Le LIFE, Base sous-marine de Saint Nazaire
Jusqu'au 2 octobre 2022
Lors d'une récente édition du «Voyage à Nantes», il y eut cette grandiose chute d'eau dévalant des corniches du Théâtre du XVIIIe siècle jusqu'à ses marches avant de se déverser dans un vaste bassin. Ce rideau cristallin devenait la métaphore de celui qui s'ouvre ou se ferme entre réalité et fiction. Aujourd'hui Stéphane Thidet récidive avec la chute d'un sable fin à base de coques de noix qui s'écoule dans les antres obscurs d'une ancienne base sous-marine. D'un lieu à l'autre, l'artiste poursuit l'exploration architecturale d'un site et de son histoire avec poésie tout en maintenant l’ambiguïté entre l'émerveillement et l'idée de chute.
Se mesurant à la puissance des éléments, l'artiste impose la force du paradoxe.
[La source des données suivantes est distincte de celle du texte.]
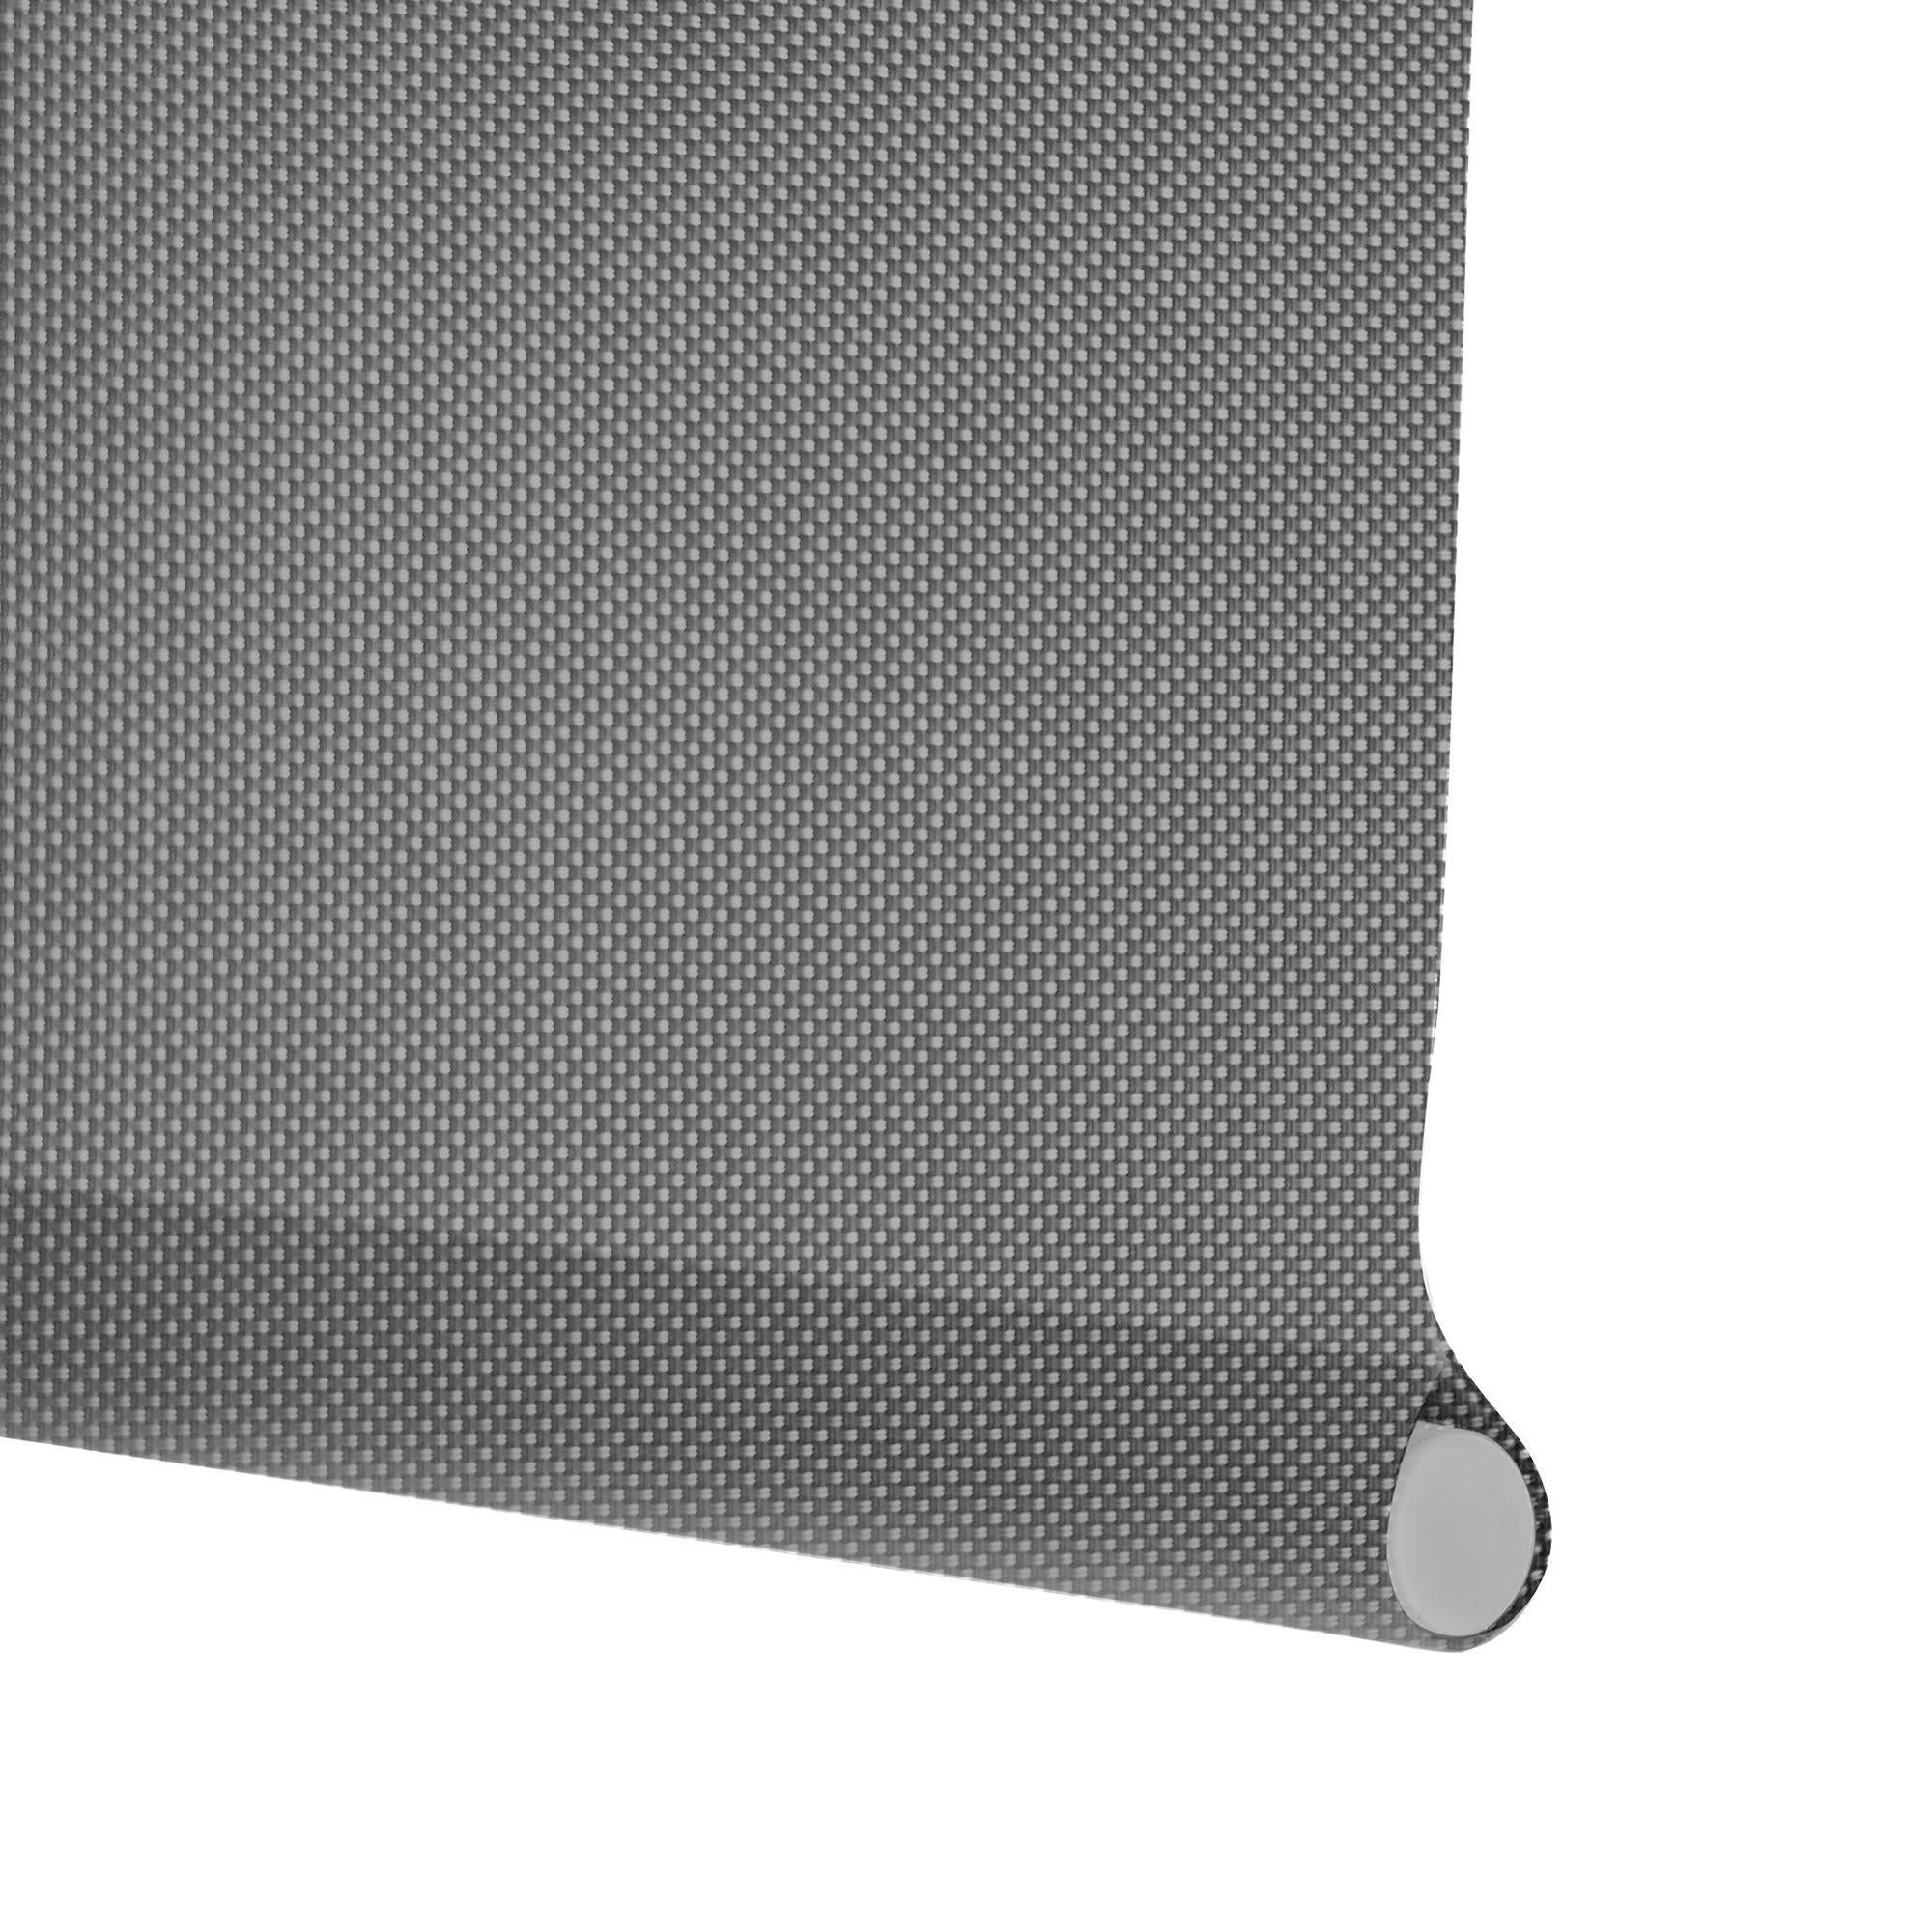 Tenda a rullo filtrante INSPIRE Screen grigio perla 220 x 250 cm - 2

Comme Rimbaud dans son «Bateau ivre», il recourt à la synesthésie, à la folle équivalence des couleurs et des sons ainsi que le firent Baudelaire et, plus tard dans le domaine musical, Varèse ou John Cage. Le rose est ainsi ce bruit fracassant qui résonne dans la lumière fluide d'une chute dorée. La charge émotive est à la mesure de la splendeur d'un paysage contrasté entre la violence d'un déversement et les vallonnements paisibles du sable. Mais au-delà de la fascination qu'un tel spectacle exerce, Stéphane Thidet s'attache au spectre de la lumière entre fréquence et énergie, là où pour les acousticiens le bruit rose s'approcherait de celui d'une cascade ou d'un torrent.
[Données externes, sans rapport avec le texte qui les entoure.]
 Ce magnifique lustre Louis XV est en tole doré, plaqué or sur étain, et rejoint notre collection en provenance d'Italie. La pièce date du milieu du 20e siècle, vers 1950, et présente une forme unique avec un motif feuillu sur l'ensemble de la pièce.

Superposer la nature à l’artificiel est l'enjeu d'une telle œuvre. De même l'artiste puise-t-il sa réflexion dans la brutale épaisseur de la base sous-marine et au sable qu'elle renferme. Et il n'occulte rien du mécanisme mis en place avec ses souffleries, ses moteurs et ses câbles. Une machinerie poétique répond aux jeux de l'illusion. C'est ainsi qu'un spectacle se joue dans le théâtre du réel et de l'imaginaire, là où l'ombre de la ruine rime avec l'incandescence du sable se déversant dans son torrent de braises. L'artiste nous transporte vers d'autres univers et c'est ainsi qu'en collaboration avec le CNES, il prépare une œuvre dans l'espace... Lumière et nuit de l'infini.